Monitoring DNS can help you use Netflow data more efficiently and effectively, saving both time and money.
If you want to have any chance to successfully secure your infrastructure, visibility into network traffic is crucial. Afterall, unusual traffic patterns can tip you off to all manner of potential problems, like malware that has slipped by your outer layers of security, devices hogging bandwidth, etc.
To fulfill this role, many administrators rely on NetFlow — introduced by Cisco back in 1996 — which is traditionally considered the go-to tool for keeping track of data traveling within your on-premise network. Operating at the router level, NetFlow records IP transactions as well as other protocols like TCP and UDP. While NetFlow is still the most recognizable name in the segment, many popular alternative tools are also available that collect the same sort of information. For the purposes of this article, we will refer to all data of this type simply as “flow data.”
However, as useful as it is, trying to actually glean actionable information from flow data can expose some of its major drawbacks and blindspots. Even with a solution in place to capture flow data, the sheer volume of information generated at larger organizations can quickly become overwhelming — counterproductively reducing the very visibility you were trying to obtain in the first place. And once you add cloud infrastructure into the mix, these same big data-related problems — including costs related to storage and processing — become even harder to grapple with.
Furthermore, the organizations that have traditionally utilized NetFlow on-premise tended to be highly connected companies — often with network peering agreements that direct traffic along contracted routes — who used the technology in a larger capacity to engineer their traffic loads. However, once companies began moving their operations to the cloud en masse, this primary use case has become less relevant.
Despite these drawbacks, flow data is still important, as is pursuing the goal of having complete visibility across your infrastructure, especially from a security and operational perspective. If you were able to more efficiently utilize the flow data you’re collecting, you could potentially sidestep many of the issues related to big data management.

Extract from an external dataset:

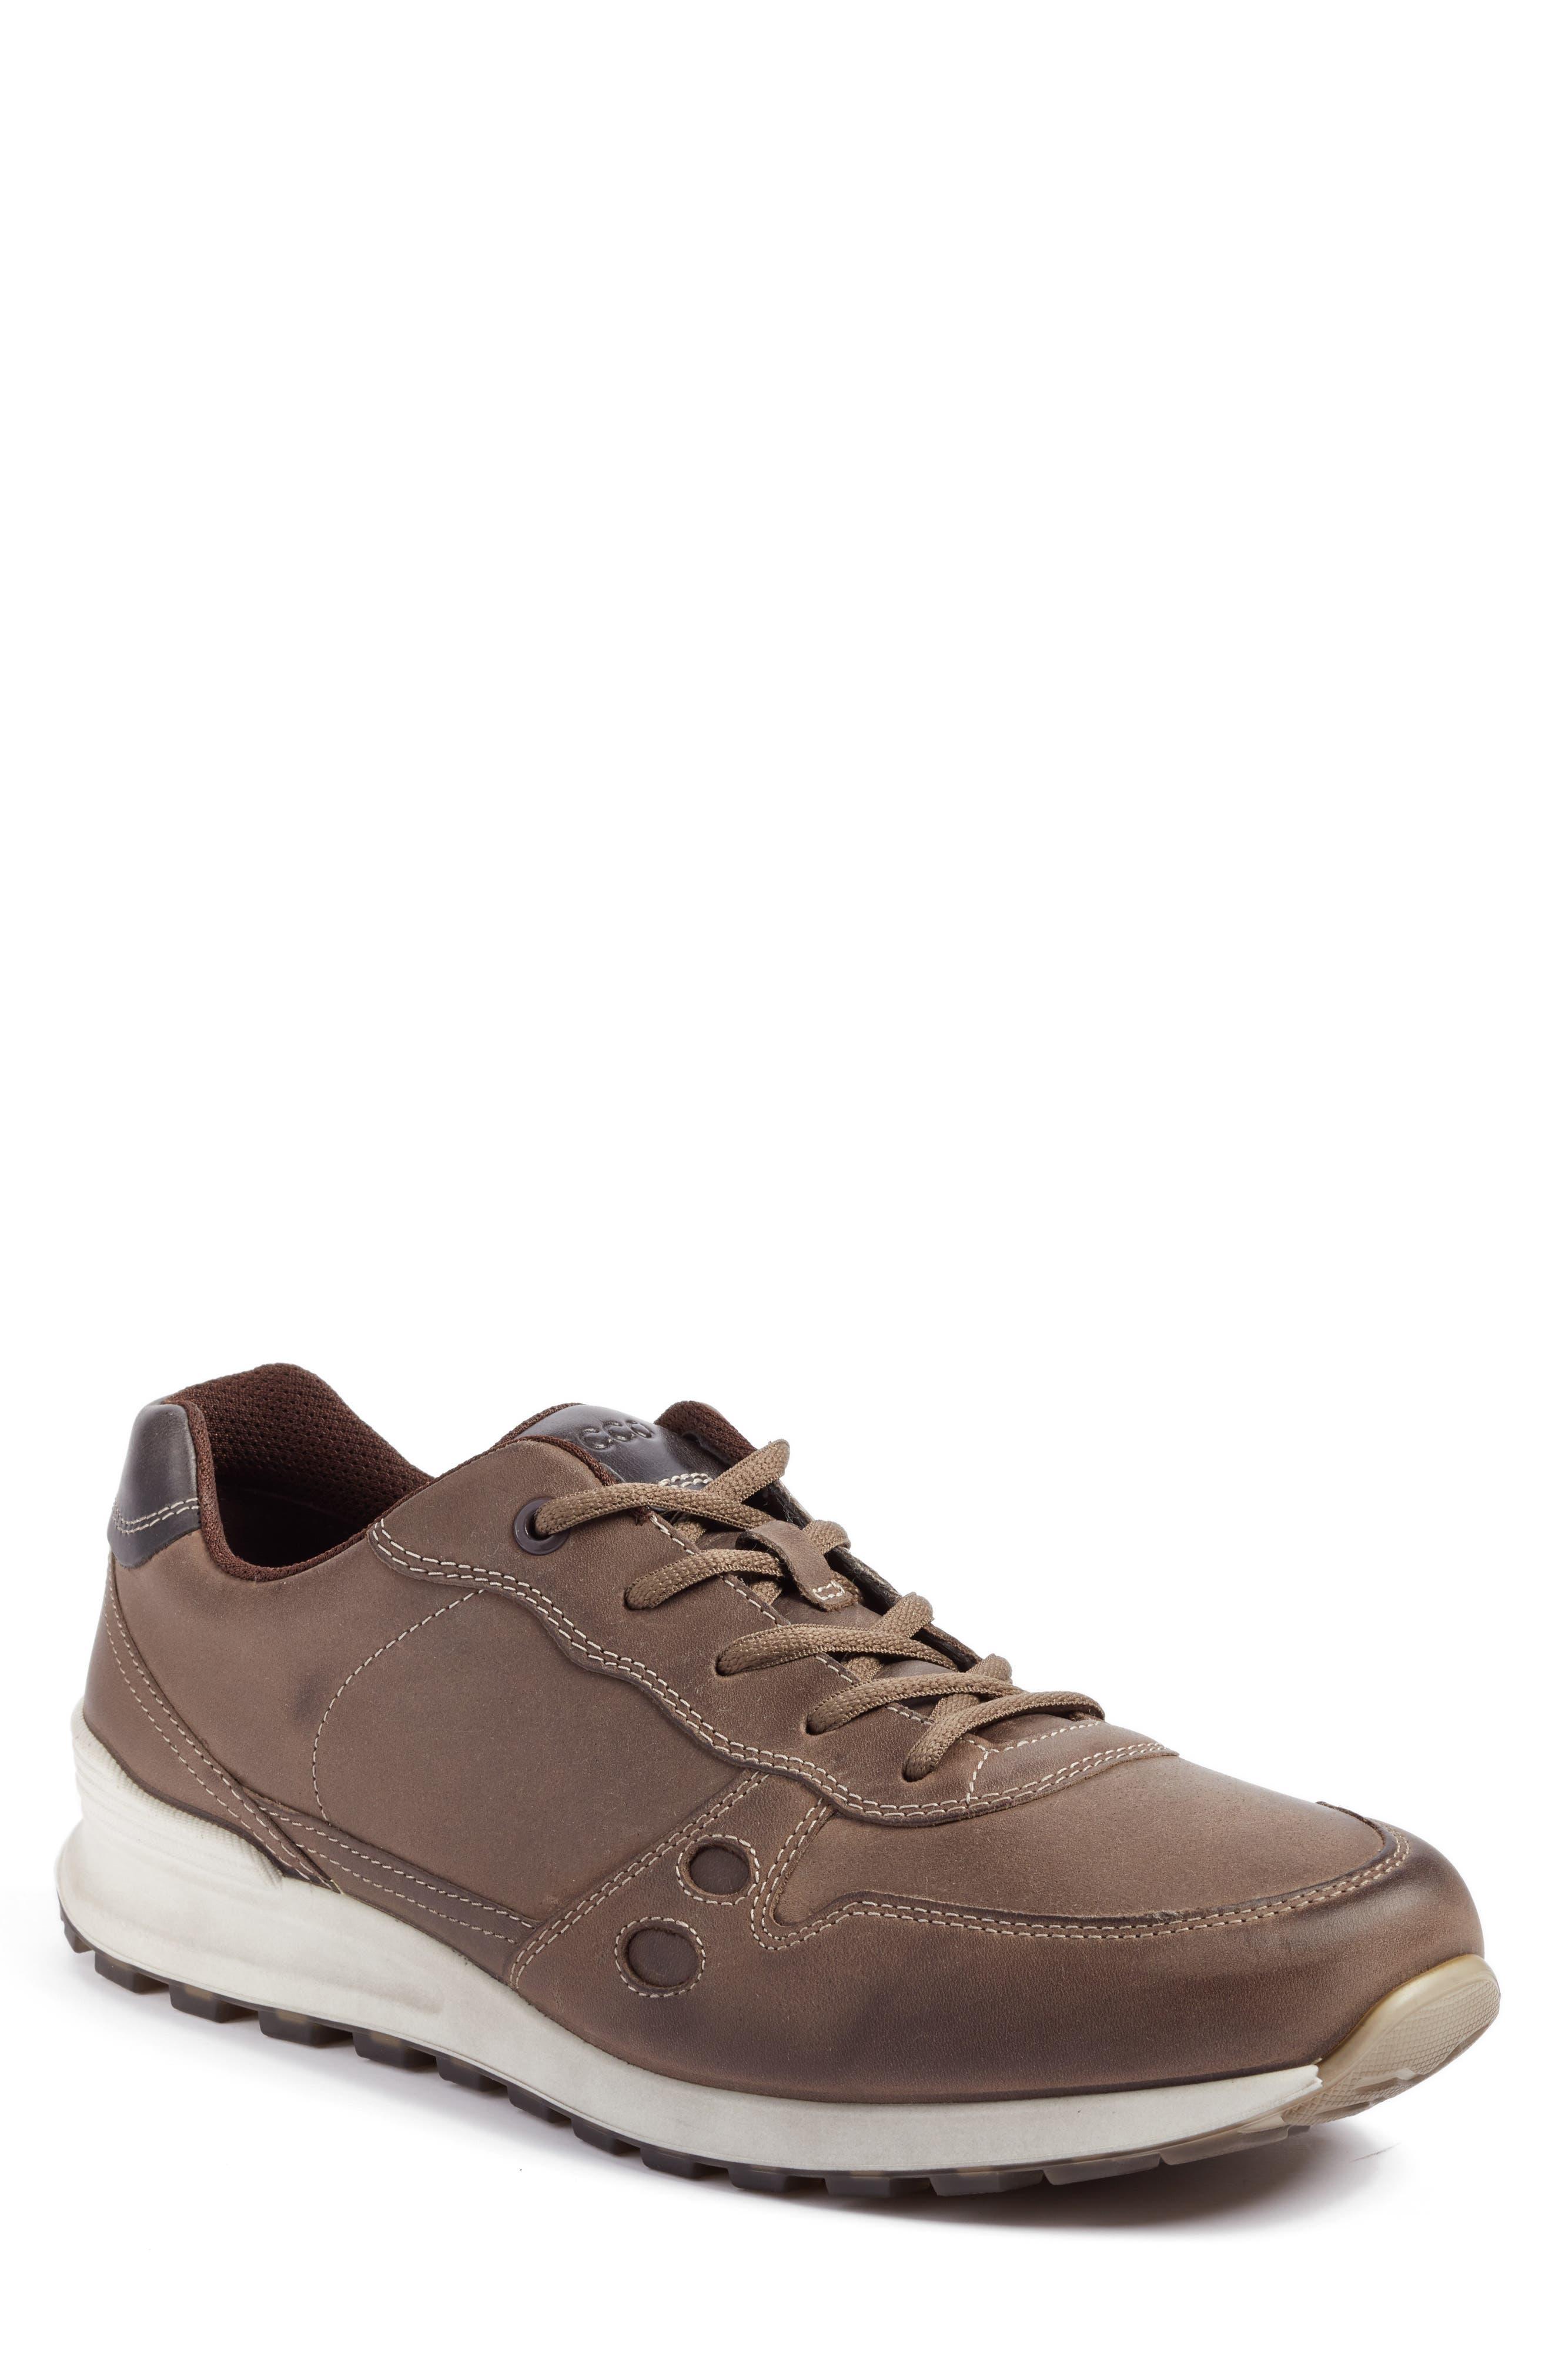 ECCO CS14 Retro Sneaker (Men)

DNS telemetry offers a great way to baseline and monitor your production environment, giving you insight into who your devices are communicating with both within your network and outside of it — but that is only half the conversation. When you use DNS to identify a potentially suspicious conversation, reviewing flow data can validate whether the conversation actually occurred, greatly enhancing your overall visibility, and therefore, resiliency.
For example, let’s imagine that your company’s production environment is entirely hosted in the ubiquitous “cloud.” Being the dutiful administrator you are, you happen to be ahead of the curve and are already logging all of your recursive DNS queries as well as the netflow records for your environment. How do you go about using that data in a complimentary manner that solves the big data problem? Well, instead of trying to look for the proverbial needle in the haystack by analyzing flow data in isolation, you can utilize your DNS telemetry to highlight exactly where you should be searching. In this hypothetical scenario, you happen to notice that one of your development databases made an anomalous DNS query to foo.bar.xyz — but did the machine actually have a conversation with that remote endpoint? By querying your flow data for just this specific source and destination pair, you can quickly answer that question and react appropriately.
When it comes to visibility, more telemetry isn’t necessarily better, especially if its volume becomes a burden. However, by uniting disparate but complimentary telemetry, you can cut through the noise and get a much clearer picture of what’s going on within your environment.